Мама завязала мне глаза и дала в руки метлу. Сперва я сильно размахнулась и ударила Маноло Колона, хорошего, но стеснительного мальчика, которому я нравилась. Он чуть не убежал домой, но мама протерла ему лицо смоченным в воде платком и дала лучший кусок торта. Затем она снова завязала мне глаза, и я тыкала в воздух палкой, пока не задела ослиную голову. Пиньята разбилась, и на нас вылилось липкое месиво из сырых яиц.
Яйца. Мама наполнила пиньяту яйцами.
Все смеялись и кричали, а потом стали пачкать друг друга желтком и ловить друг друга, бегая по всему дому, так что дом трясся до самого фундамента.
– Приходите еще! – кричала мама вслед, когда все побежали к родителям, которые были так ошеломлены, увидев яйца в волосах и на одежде своих детей, что не заметили, как наша мать трясется от хохота.
Мы с Милагро пошли в нашу комнату, ни слова не сказав ни Иванито, ни маме. Мы вынимали яичную скорлупу друг у друга из волос и плакали.
Первую открытку от папы мы получили прошлым летом. Потом мы узнали, что он посылал нам открытки и раньше, но мама сжигала их, как сожгла его лицо. Стоял солнечный день, и почтальон еще раз зашел к нам в дом и отдал открытку, которую забыл отдать, когда приходил в первый раз. Мамы не было дома.
На открытке была изображена табачная фабрика, сидящие рядами женщины сворачивали бронзовые листья в сигары. Надпись на обороте гласила: «Cuba… alegre como su sol». [37]37
Куба, радостная, как ее солнце (исп.).
[Закрыть]Папа писал, что вернулся из плавания и поселился в отеле у причала, что очень хочет нас видеть, и называл нас «мои фасолинки». Он написал, что никогда о нас не забывал.
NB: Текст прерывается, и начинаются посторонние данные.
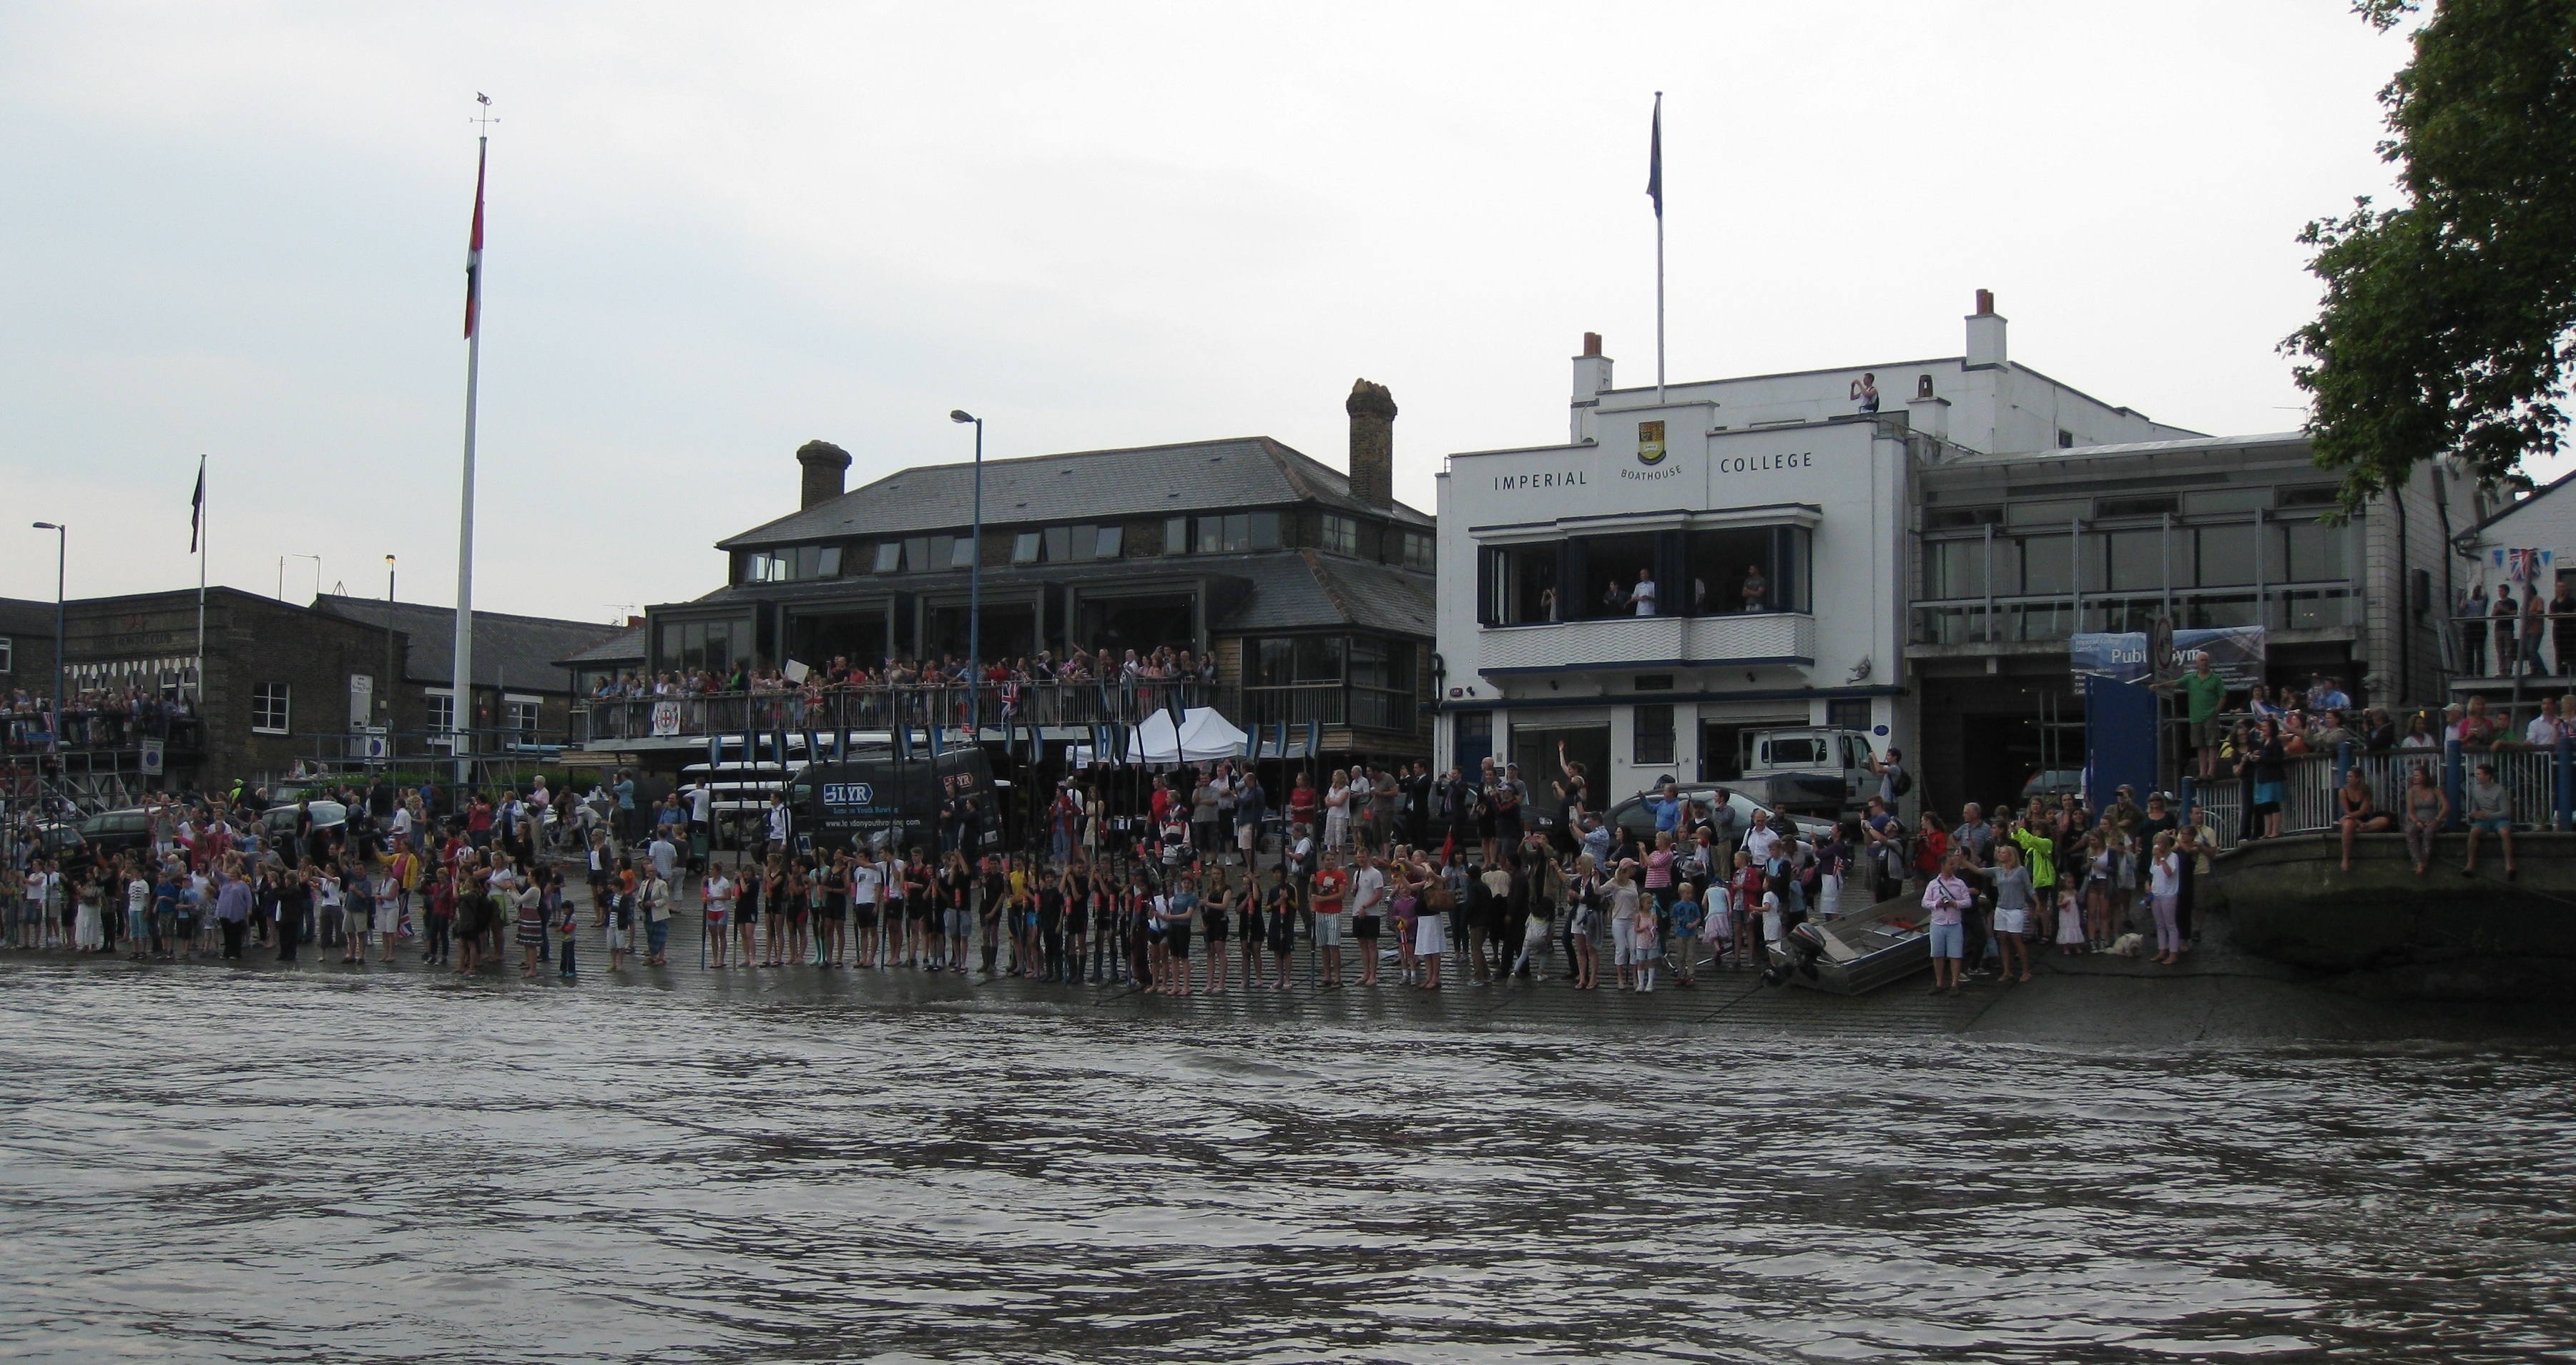 The Putney Embankment crowds

Мы с Милагро развесили наши шарфы с журавлями на стенах и смотрели, как птицы летают в воздухе. Мы складывали и перекладывали нашу одежду и ждали удобного случая, чтобы сбежать.
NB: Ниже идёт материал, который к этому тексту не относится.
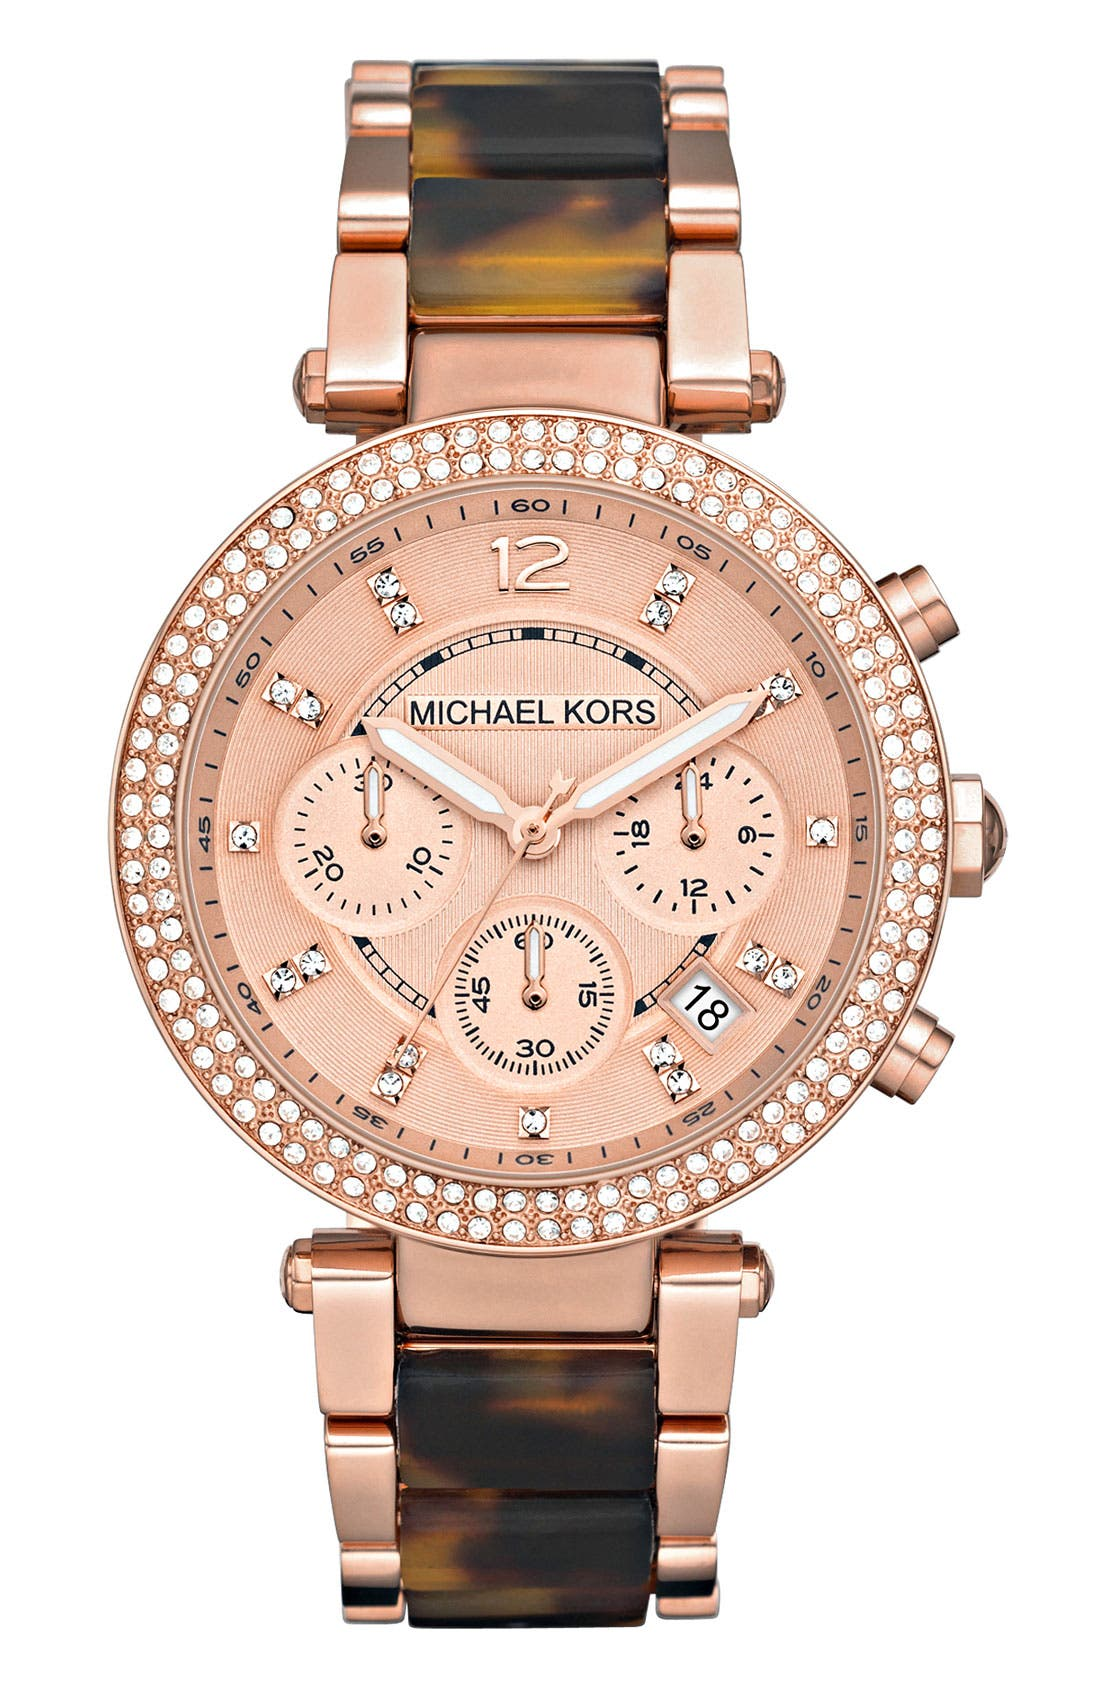 Main Image - Michael Kors 'Parker' Blush Acetate Link Chronograph Watch, 39mm

Через несколько дней мама ушла на одно из своих ночных сборищ вуду. Мы с Милагро уговорили ее оставить нас в Гаване, не отправлять к абуэле Се-лии. Когда она ушла, мы с Милагро сложили одежду в рюкзак и повязали шарфы с журавлями. Мы ждали такси на площади и не оглядывались назад. Луна уже высоко поднялась в небе, нетерпеливо ожидая наступления ночи. Казалось, что это светит сжавшееся солнце. Мы ехали сначала по одному переулку, затем по другому. Такси, скрипя рессорами, подпрыгивало на булыжниках. Ожидание казалось бесконечным. Удастся ли нам бежать?
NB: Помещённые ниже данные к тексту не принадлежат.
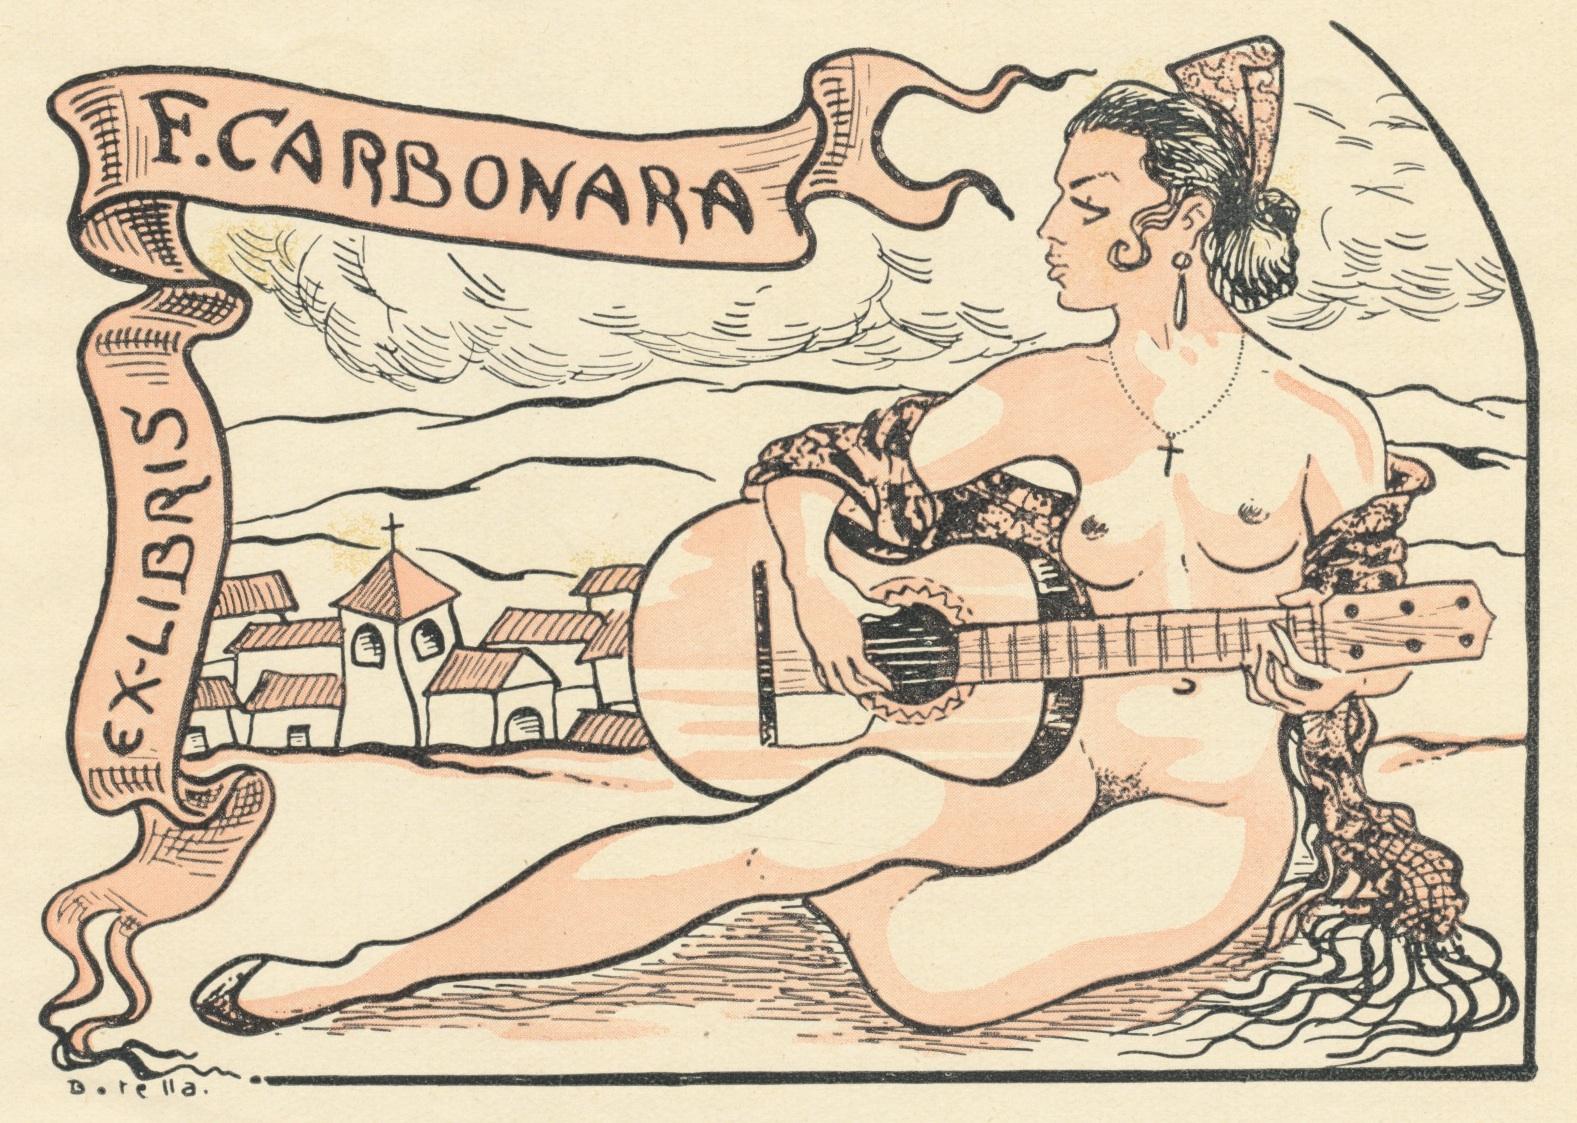 Ex Libris F. Carbonara - Juan Vicente Botella 5 euro 02

Когда мы остановились, я посмотрела вверх на гнилой отель, я посмотрела на наше будущее.
Милагро, кажется, знала, куда идти. Я последовала за ней через сводчатый проход под кованой железной аркой, потом вверх по мокрым кривым ступеням, воняющим отбросами. Перила лестницы местами шатались, когда мы взбирались вверх сначала по одному пролету, затем по другому.
– Он здесь. – Милагро указала на дверь без номера Она шагнула к ней уверенно, как будто пришла собирать квартплату, и дважды громко постучала. Лицо отца было в отвратительных рубцах, которые тянулись от глаз с красными веками, от обрубка носа и уродливых ушей к голому черепу, туго обтянутому кожей. Мы хотели убежать, но папа протянул к нам руки, свои когда-то такие красивые руки, и назвал нас по именам.
Мы с Милагро продолжали тайно видеться с отцом при любой возможности. Если бы мама это обнаружила, кто знает, что бы она с нами сделала. В жилище отца, бывшей комнате для прислуги, было одно окно, которое выходило в переулок, где грызлись бродячие псы. По ночам, как говорил папа, он слышал гудки пароходов, покидающих Гавану. От этого ему было одиноко.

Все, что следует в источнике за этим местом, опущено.